In 1999 and 2000, researchers at Harvard Medical School examined how Medicare helps and/or hinders health care providers in giving quality end-of-life care and made recommendations for change.
Researchers interviewed 54 clinicians and administrators at 35 end-of-life provider organizations (hospitals, hospice agencies, home health agencies, skilled-nursing facilities [SNFs], and medical groups) in five cities (Boston; Cleveland, Greenville, S.C. Miami, and Seattle) and one rural area (the Fargo, N.D./Moorhead, Minn. area).
The project was part of the Robert Wood Johnson Foundation (RWJF) program, Targeted End-of-Life Projects Initiative.
The hospice per diem (payment per day) does not reflect current treatment practice; it is too low for high-cost patients and results in access problems for patients in some markets.
Some interviewees are concerned about quality of patient care due to reimbursement limitations on hospitals and hospices mandated under the Balanced Budget Act of 1997.

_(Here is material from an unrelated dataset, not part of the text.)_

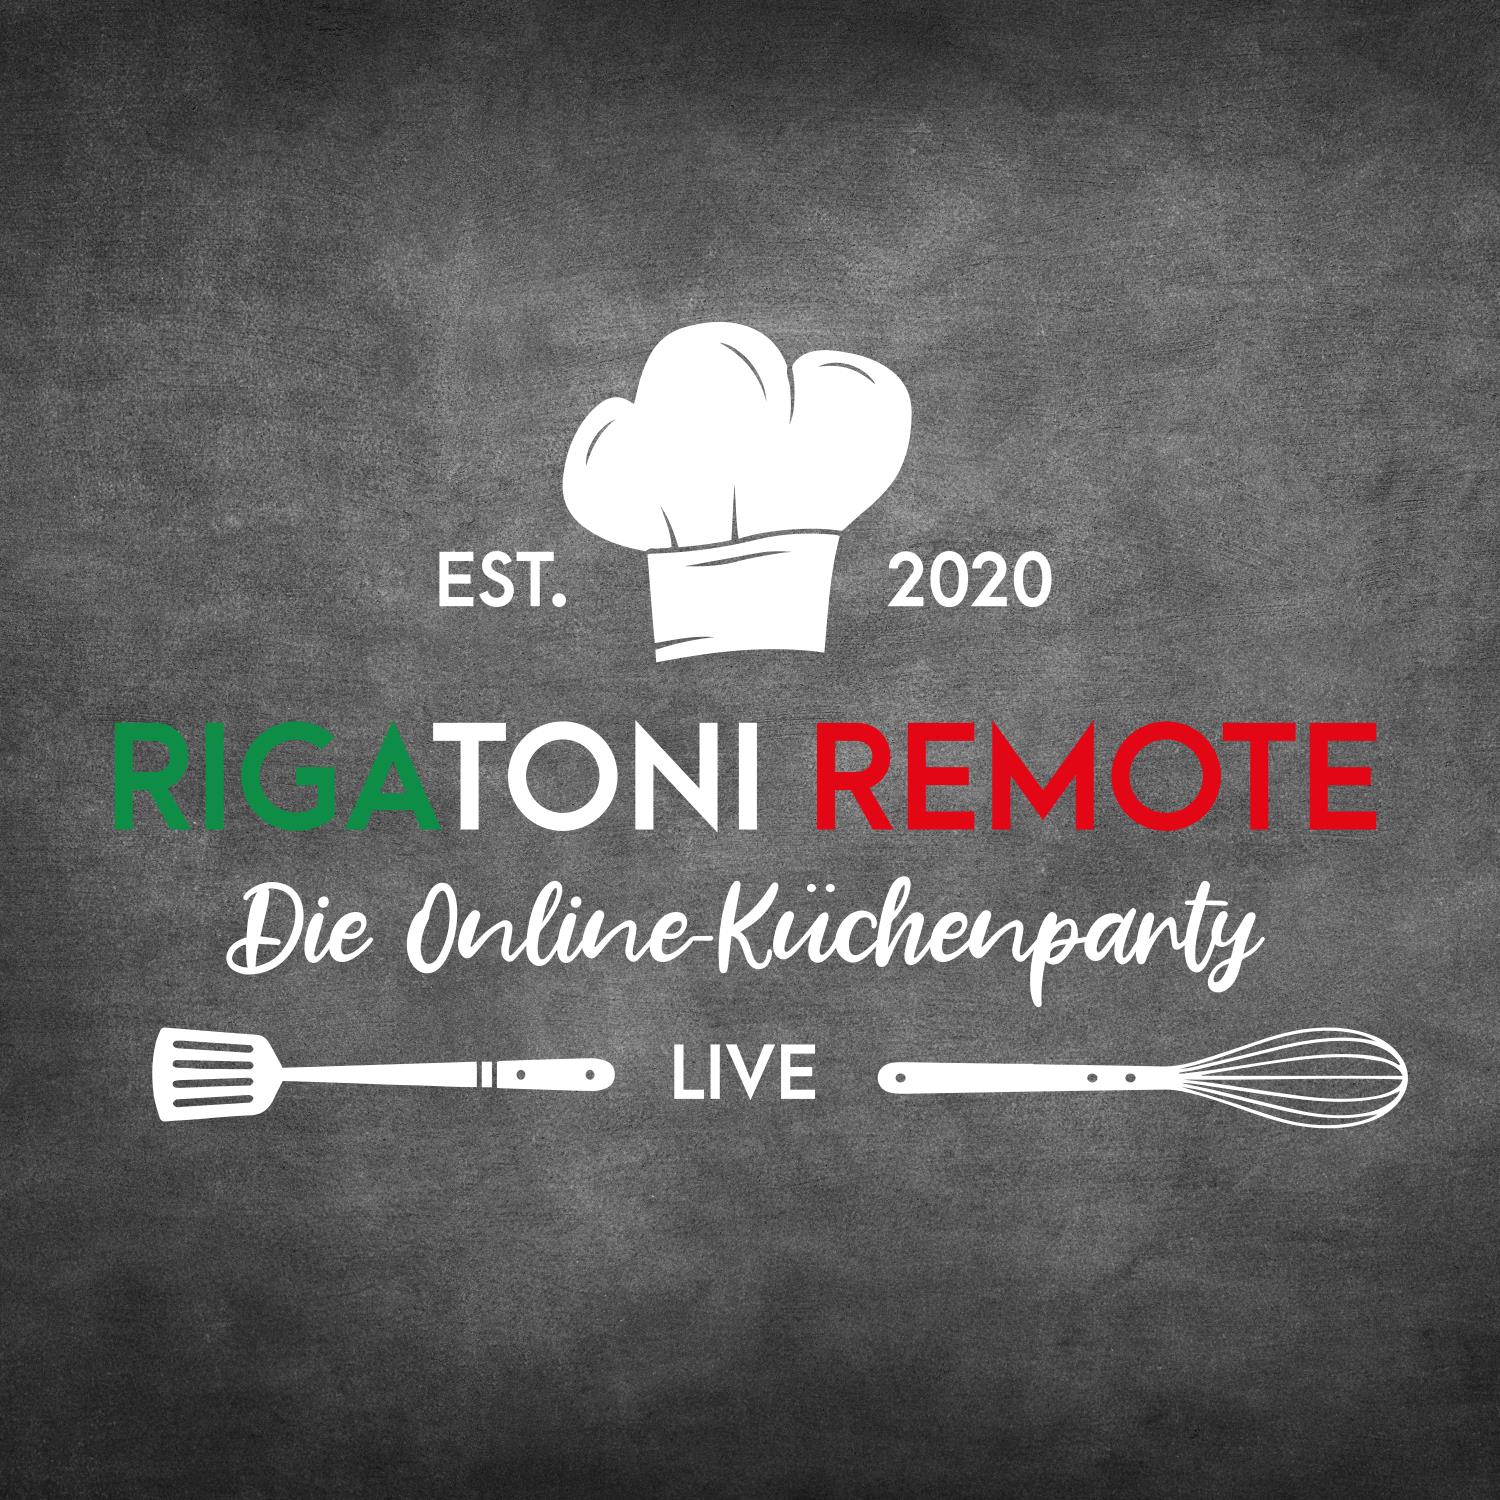 Rigatoni Remote – Die Online-Küchenparty

SNFs are under reimbursed for certain secondary services (pharmaceuticals, infusion [intravenous] therapy, respiratory therapy, lab tests, imaging services, and patient transportation), creating an incentive at SNFs to avoid patients who need many of these services.
The reimbursement rate for rural patients may be too low, considering rural travel costs (including staff travel time).
Pay hospices extra—above and beyond the standard per diem—for extremely high-cost hospice stays.
Review hospice rates, focusing on how well current hospice per diems account for changes in treatment practices since the Medicare hospice benefit was implemented in 1982.
Monitor the implementation of the 1997 Medicare home health payment system's impact on severely ill and dying patients.
Explore differences in travel costs among staff serving hospice patients, and adjust per diems accordingly.